To determine if the preferential use of certain amino acids has a locational dependence in the CDR3 of CD4+ or CD8+ T cells, we examined those TCRβs with the same CDR3 length between CD4+ and CD8+ T cells. CDR3s, consisting of 13 aa in length, which was the most abundant length, accounting for 27 and 29% distinct CDR3 in the TCR repertoire for CD4+ and CD8+ T cells, respectively, were used. We found that CD4+ T cells preferentially used lysine located in position 3, valine at positions 3 and 11, and asparagine in position 7 relative to CD8+ T cells and that CD8+ T cells preferably used cysteine and proline in position 9 and isoluecine and tyrosine in position 5 relative to CD4+ T cells (Fig. 2B). In addition, we found some amino acids (leucine, isoleucine, proline, and tyrosine) that did not show a significant difference in overall CDR3 comparisons between CD4+ and CD8+ T cells but exhibited significant difference at certain defined positions of CDR3 between CD4+ and CD8+ T cells (Fig. 2B). To extend the analysis of preferential use of amino acids to different lengths of CDR3, we analyzed CDR3 from 10 to 15 aa in length. Collectively, TCRβs of CDR3 from 10 to 15 aa accounted for 90% of all distinct TCRβs. Preferential use of lysine was located in certain positions irrespective of the length of CDR3 (Fig. 2C). Together, these findings demonstrated that specific amino acids are preferred at particular positions in CDR3 of TCRβ in CD4+ and CD8+ T cells.

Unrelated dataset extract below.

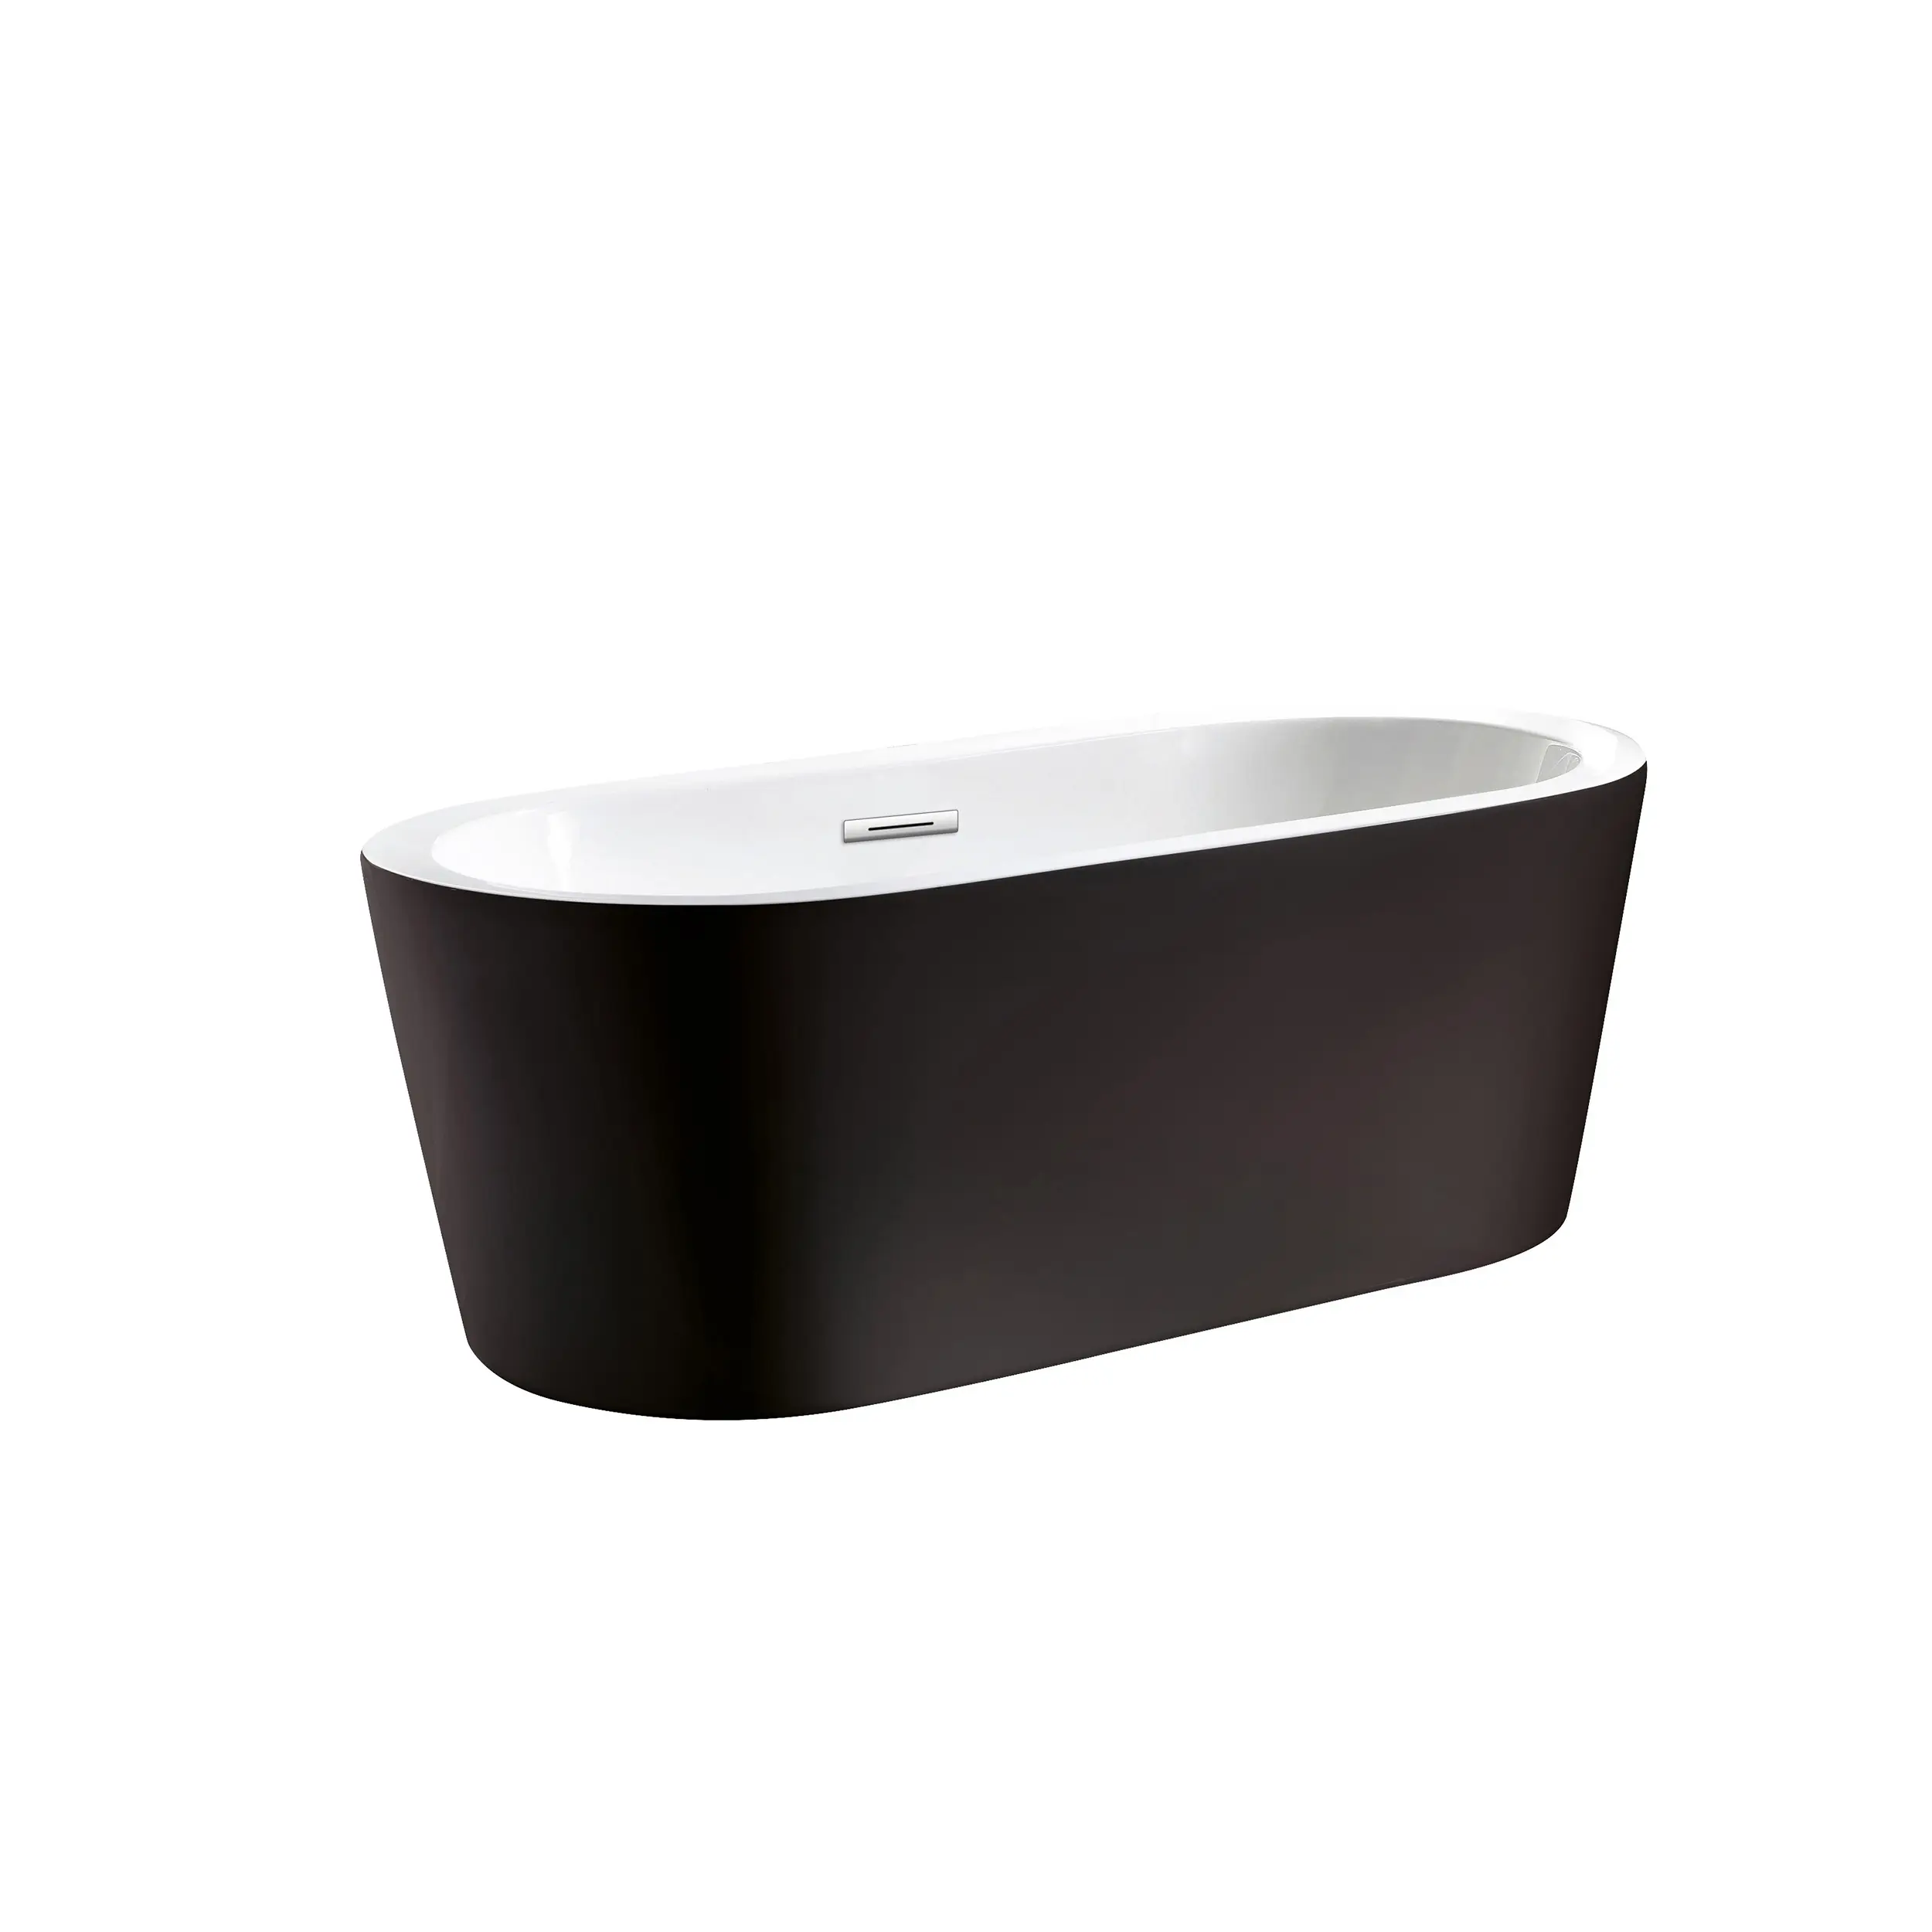 Bañera de baño ovalada moderna de China, Color negro, acrílica
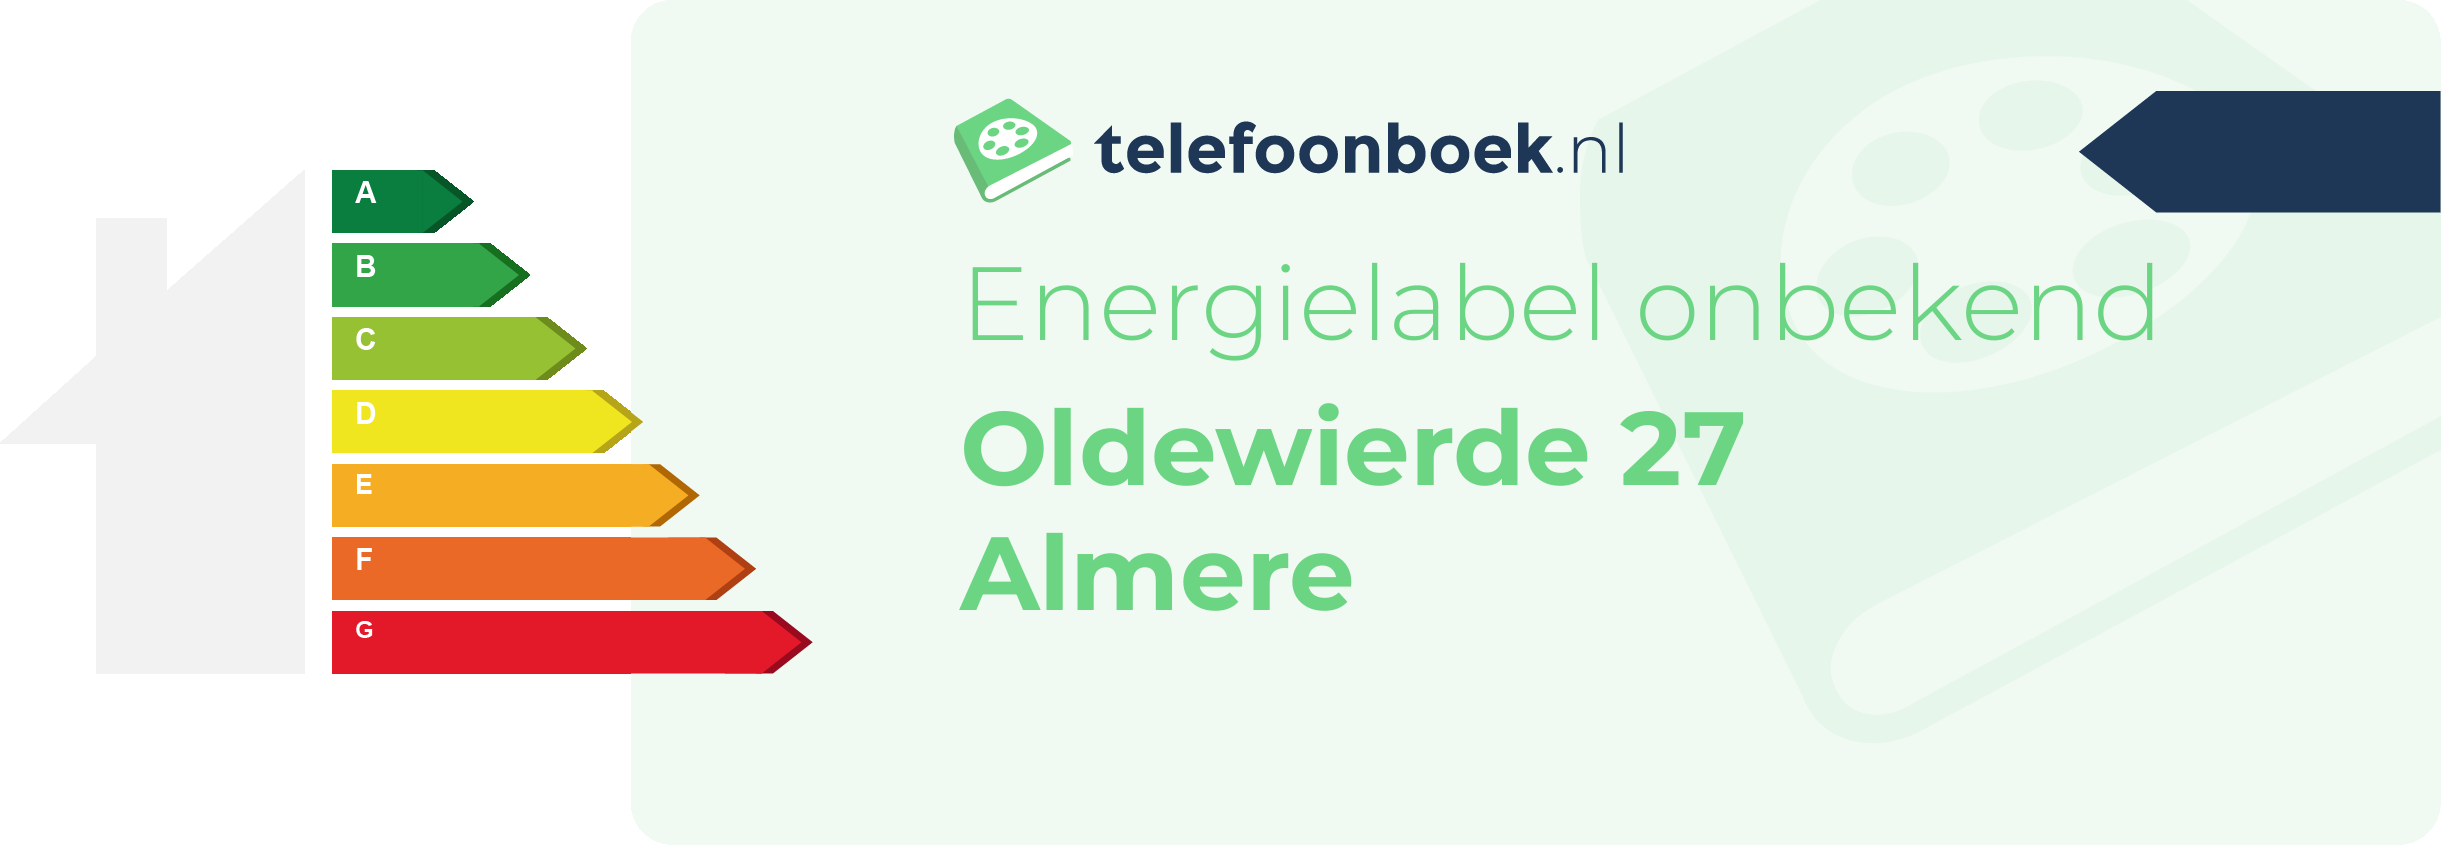 Energielabel Oldewierde 27 Almere

Systemic classification of CDR3s by T cell compartment by use of sequence features
To determine further if there are characteristics to distinguish CDR3s between CD4+ and CD8+ T cells, we developed a machine-learning approach inspired by the methodology used by Thomas et al. [27]. We first converted the amino acid sequences to numerical arrays made of Atchley factors, which are 5 unique numbers encoding the most important chemical and physical properties regarding each amino acid [25]. These numerical arrays were then supplied into a common, supervised learning model, known as a SVM, which when properly trained, uses relevant information to classify new inputs into binary categories (i.e., whether a new CDR3 sequence belongs to the CD4+ or CD8+ compartment). If a binary classifier can repeatedly assign a new random input with high accuracy into its correct category, then this suggests that there are certain features in the dataset that enable the model to discern between the 2 categories. Here, we trained the SVM with numerical vectors of 75% of our unique CDR3 sequences as the training set and 25% of data as a cross-validation set. We were able to identify the origin of a significant percentage of CDR3 to CD4+ or CD8+ T cells with a reasonable degree of accuracy (Table 2), suggesting that CD4+ and CD8+ TCRβ CDR3 sequences exhibit systemic differences at the amino acid level that can be reasonably classified. This implies that there may be higher-level patterns that are able to differentiate uniquely between CD4+ and CD8+ TCRβ CDR3s. To discount any interference from preferential V or J gene use between CD4+ and CD8+ CDR3s, we conducted a 2-sample Kolmogorov-Smirnov test on the distributions of both V and J gene alleles. The resulting values suggest that there are no significant differences between the 2 distributions (Supplemental Table 3).
TABLE 2.
Predicting CDR3 origin by supervised learninga
CDR3 amino acids | CD4+ |
CD8+ |
---|---|---|
Accuracy ± sdb | Accuracy ± sd | |
10 | 0.90 ± 0.01 | 0.82 ± 0.01 |
11 | 0.81 ± 0.01 | 0.88 ± 0.01 |
12 | 0.83 ± 0.01 | 0.85 ± 0.01 |
13 | 0.83 ± 0.01 | 0.85 ± 0.01 |
14 | 0.92 ± 0.01 | 0.93 ± 0.01 |
15 | 0.96 ± 0.01 | 0.97 ± 0.00 |
Average | 0.88 ± 0.01 | 0.88 ± 0.01 |
CDR3 from CD4+ or CD8+ T cells is predicted by the SVM classifier.
Accuracy is presented as proportion ± sd.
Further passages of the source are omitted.